「お昼ごはん、一緒にどうかなって思って」
間違いなく私を誘ってくれている。夢ではないだろうか?
ほっぺたをつねろうかとも思ったが、さすがにそこまではしない。これは間違いなく現実なのだから。
「は、はい。ぜ、ぜひご一緒にっ」
声が裏返ってしまった。それを見て笑う白崎さん。ちょっと恥ずかしかったけれど、それ以上に有頂天になってしまう自分がいた。まさに天国だ。

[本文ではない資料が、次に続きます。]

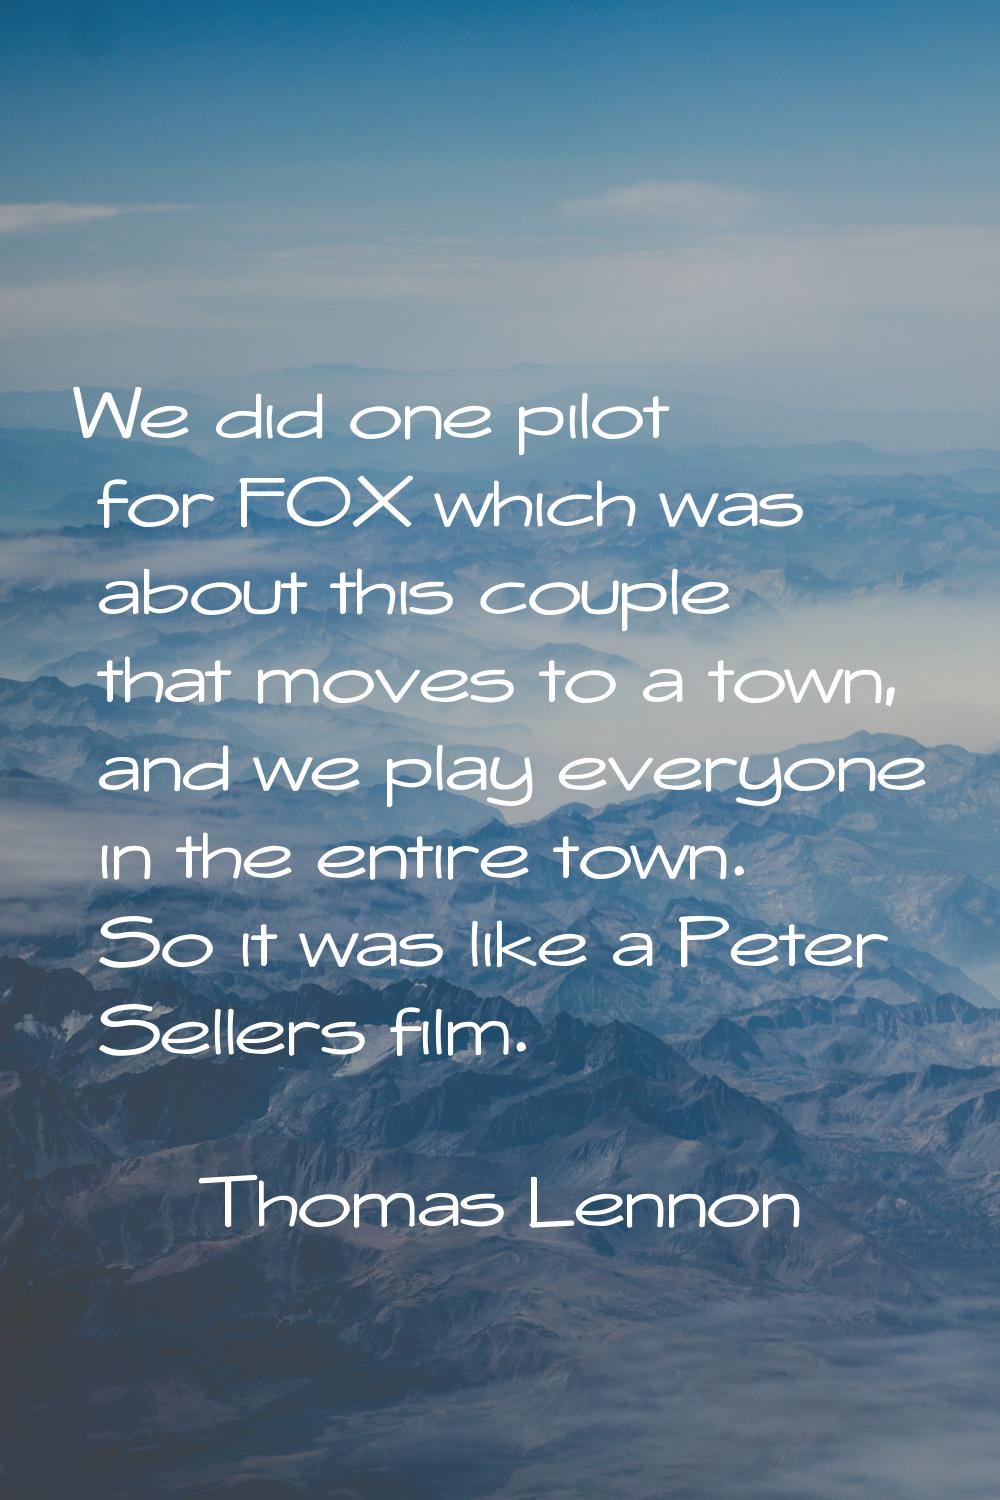 We did one pilot for FOX which was about this couple that moves to a town, and we play everyone in 
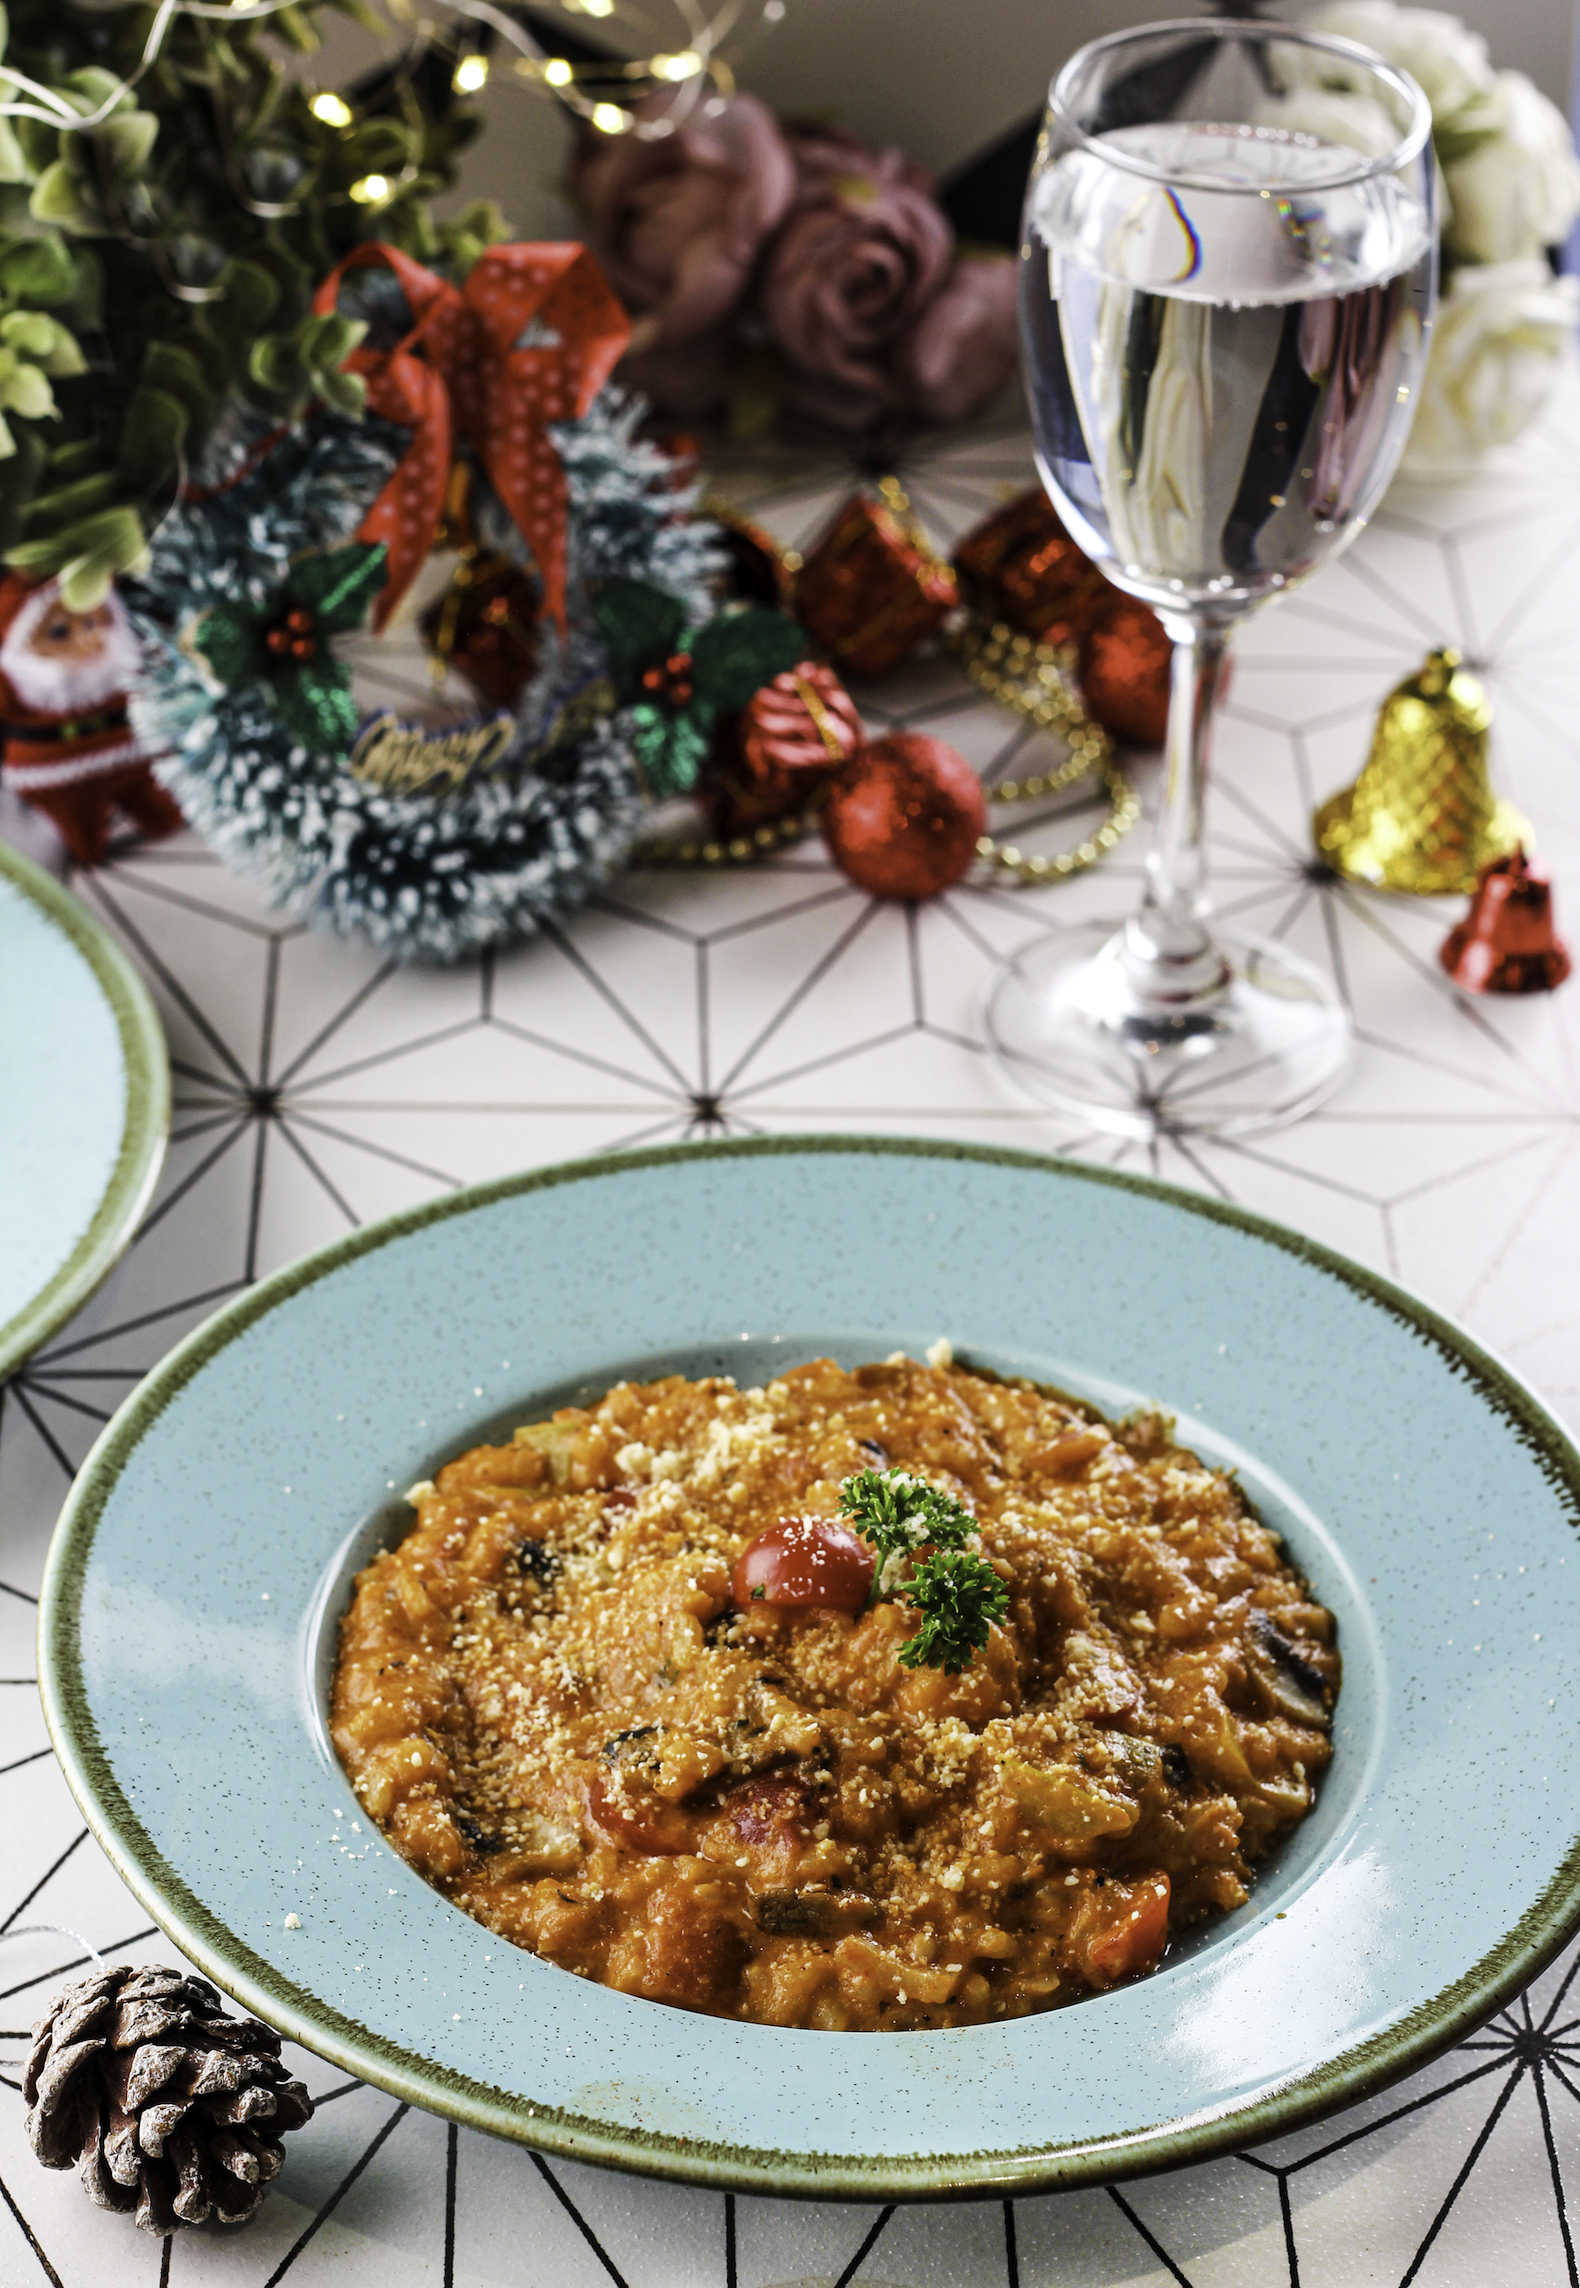 Cafe 49 Introduces Exquisite Holiday Festive Menu This Christmas

それから白崎さんが先導して、和食屋さんへと足を運ぶ。だが、ここで天国から地獄に落とされる事態に。
「あれ、白崎さん」
お店に入った時にそう声をかける人が。なんと同じ部署の男性社員が二名もそこにいるではないか。この連中が、白崎さんと仲良さそうに話しているところを見て、私に対して乱暴でそっけない態度をとったやつらだ。
「えっ、なんで皆藤さんもいるの?」
私の姿を見て驚く二人。今度こそまた何か言われるに違いない。きっと私に対して嫉妬心を抱くはずだ。
そう思うと、さっきまでのあの天にも登る気分はどこかへ吹き飛んでしまった。それよりも、来週からどうしようという不安が襲ってくる。
このとき、ふとあの言葉を思い出した。カフェ・シェリーの看板のあの言葉。